__TASK OBJECTIVE__:
Once the pictures are set aside, transcribe each line of the data exactly.

__SOURCE MATERIAL__:
────────────────────

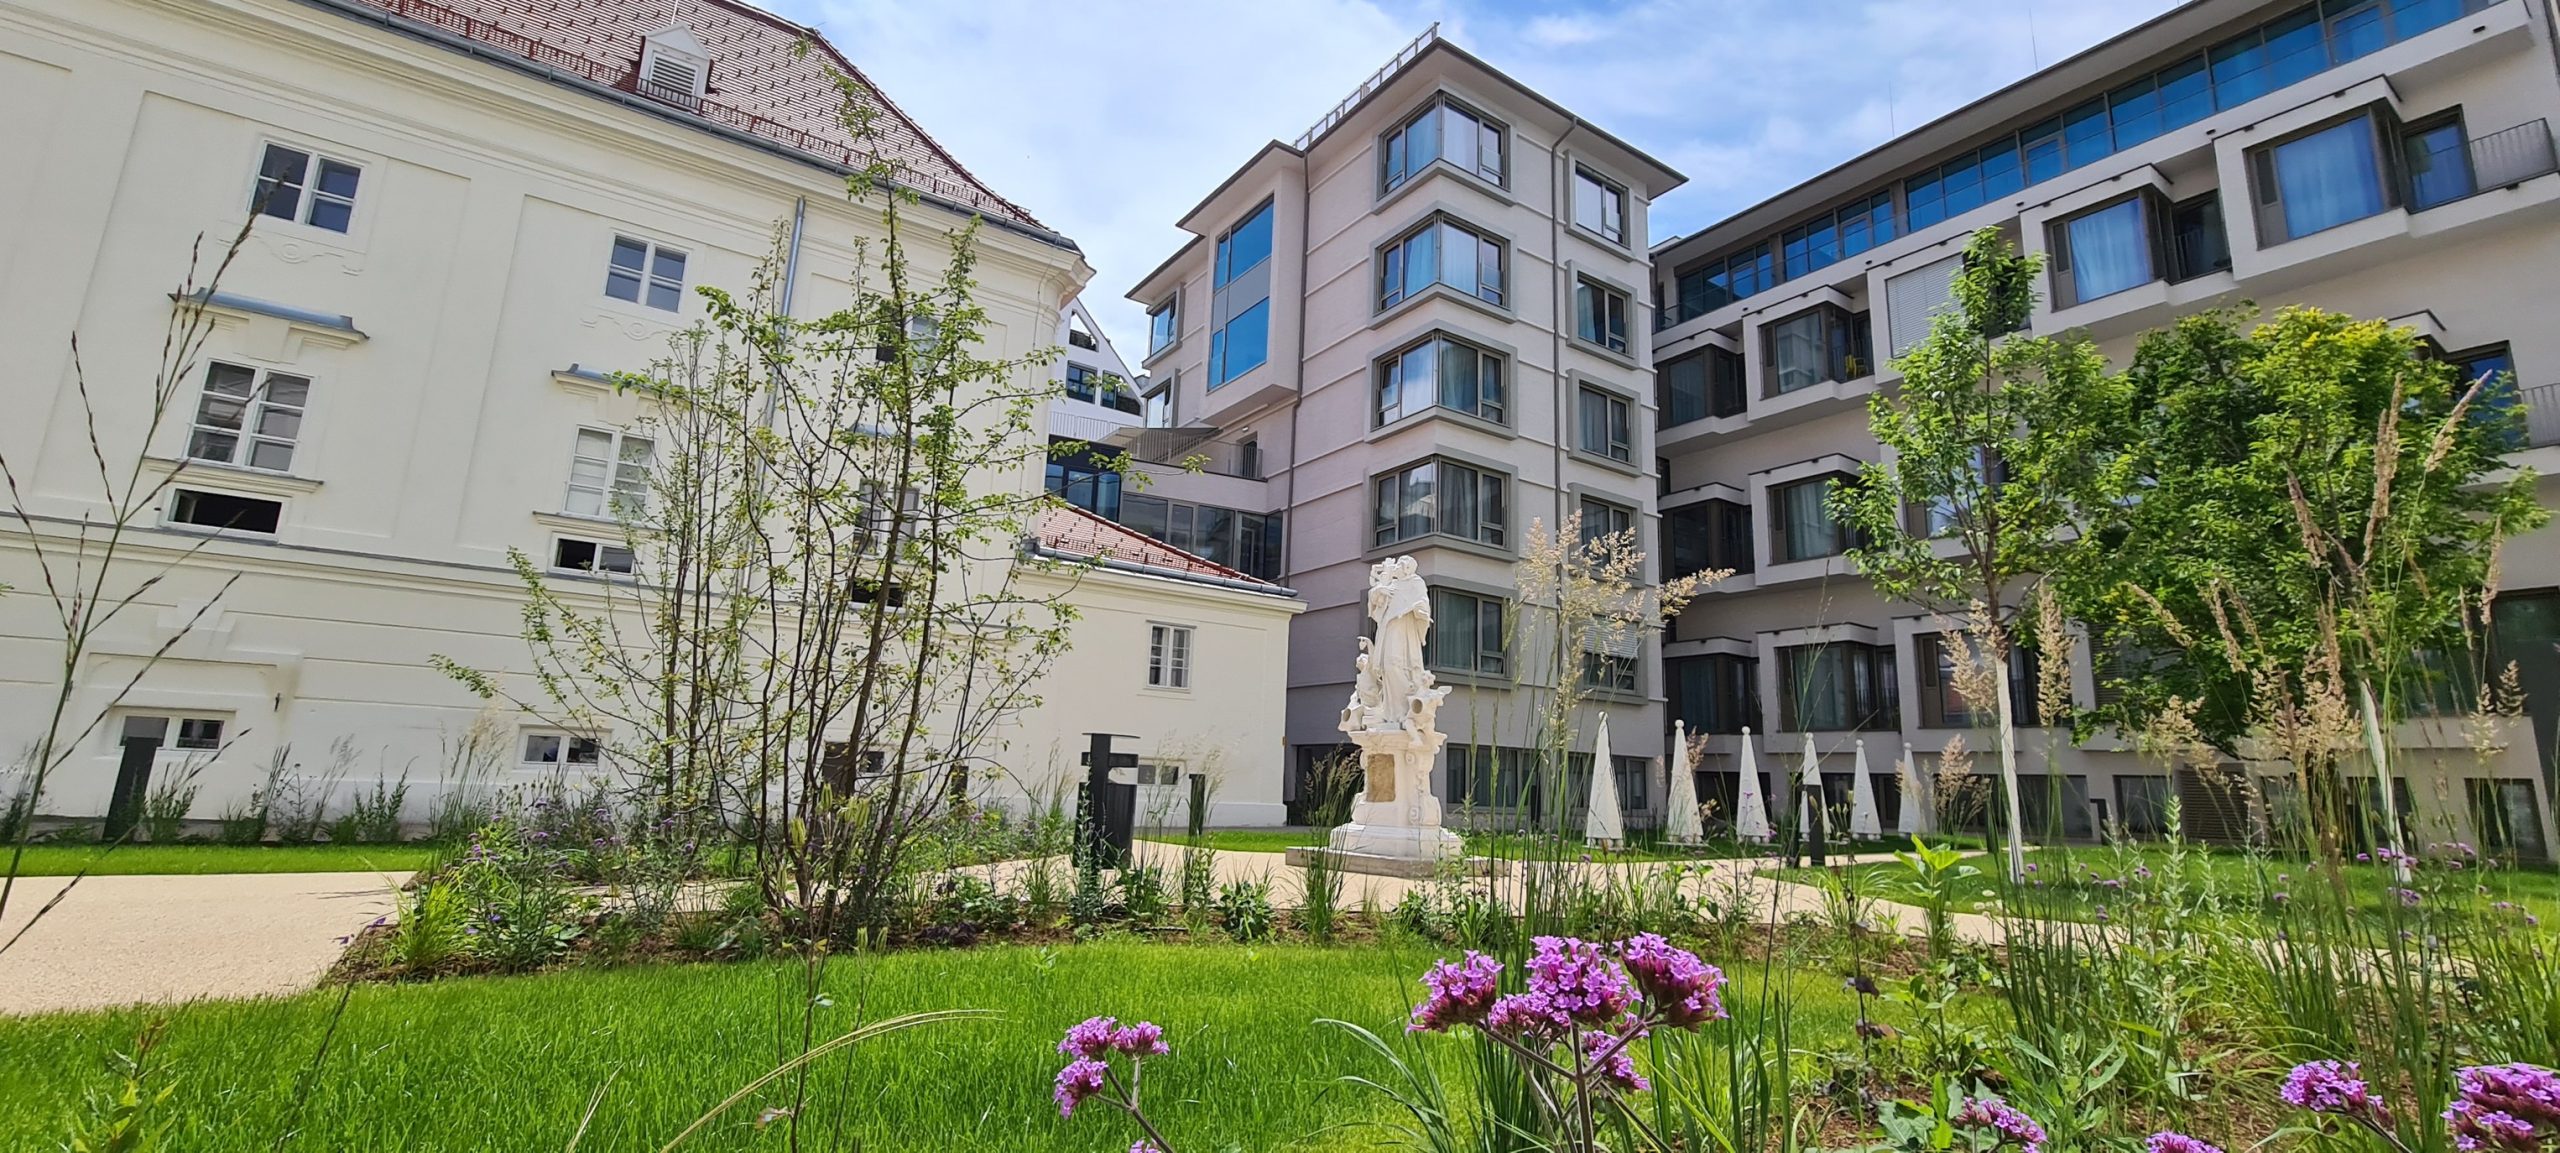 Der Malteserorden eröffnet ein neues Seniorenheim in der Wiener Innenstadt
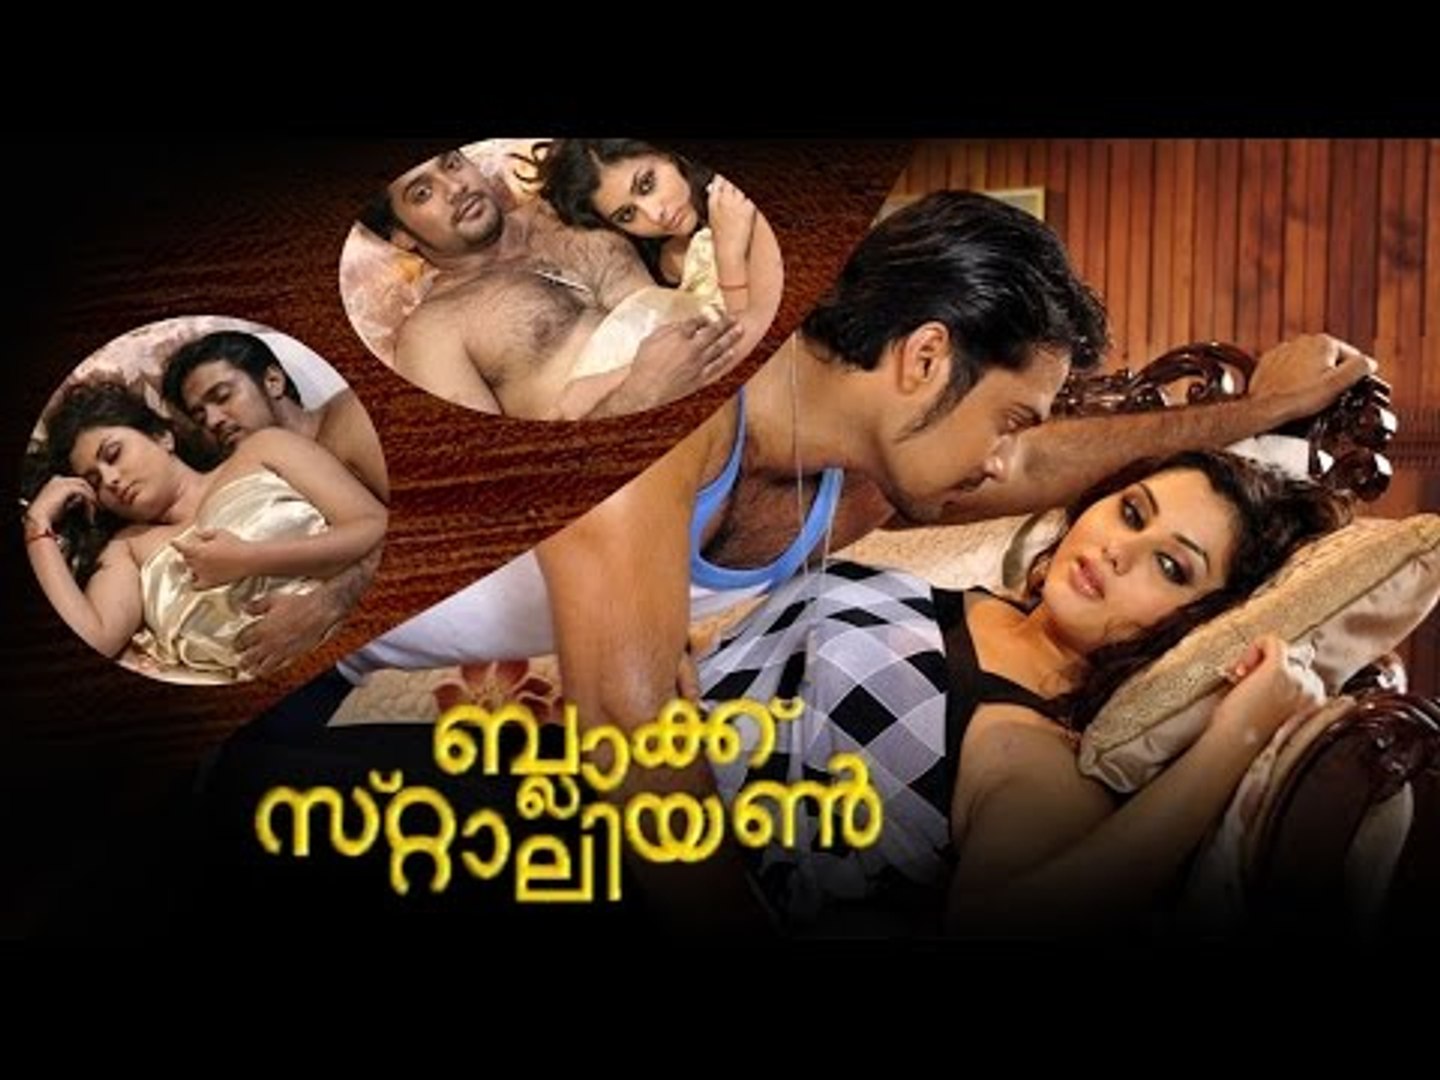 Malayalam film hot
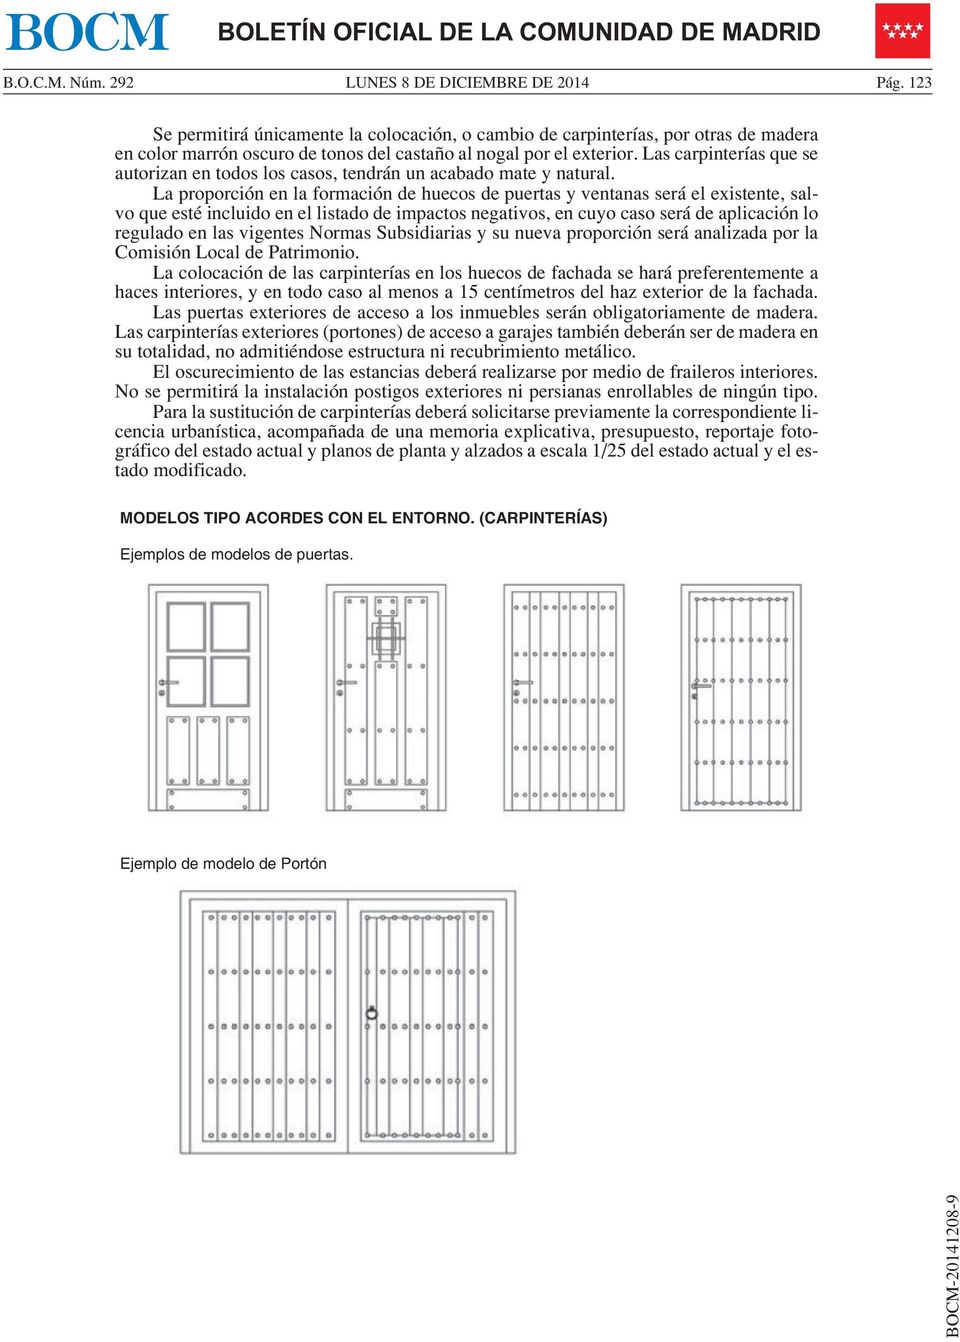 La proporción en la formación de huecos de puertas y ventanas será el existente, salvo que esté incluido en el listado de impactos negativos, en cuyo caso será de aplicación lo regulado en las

────────────────────

__THE COMPLETED TASK__:
 Der Malteserorden eröffnet ein neues Seniorenheim in der Wiener Innenstadt
 Malayalam film hot
 La proporción en la formación de huecos de puertas y ventanas será el existente, salvo que esté incluido en el listado de impactos negativos, en cuyo caso será de aplicación lo regulado en las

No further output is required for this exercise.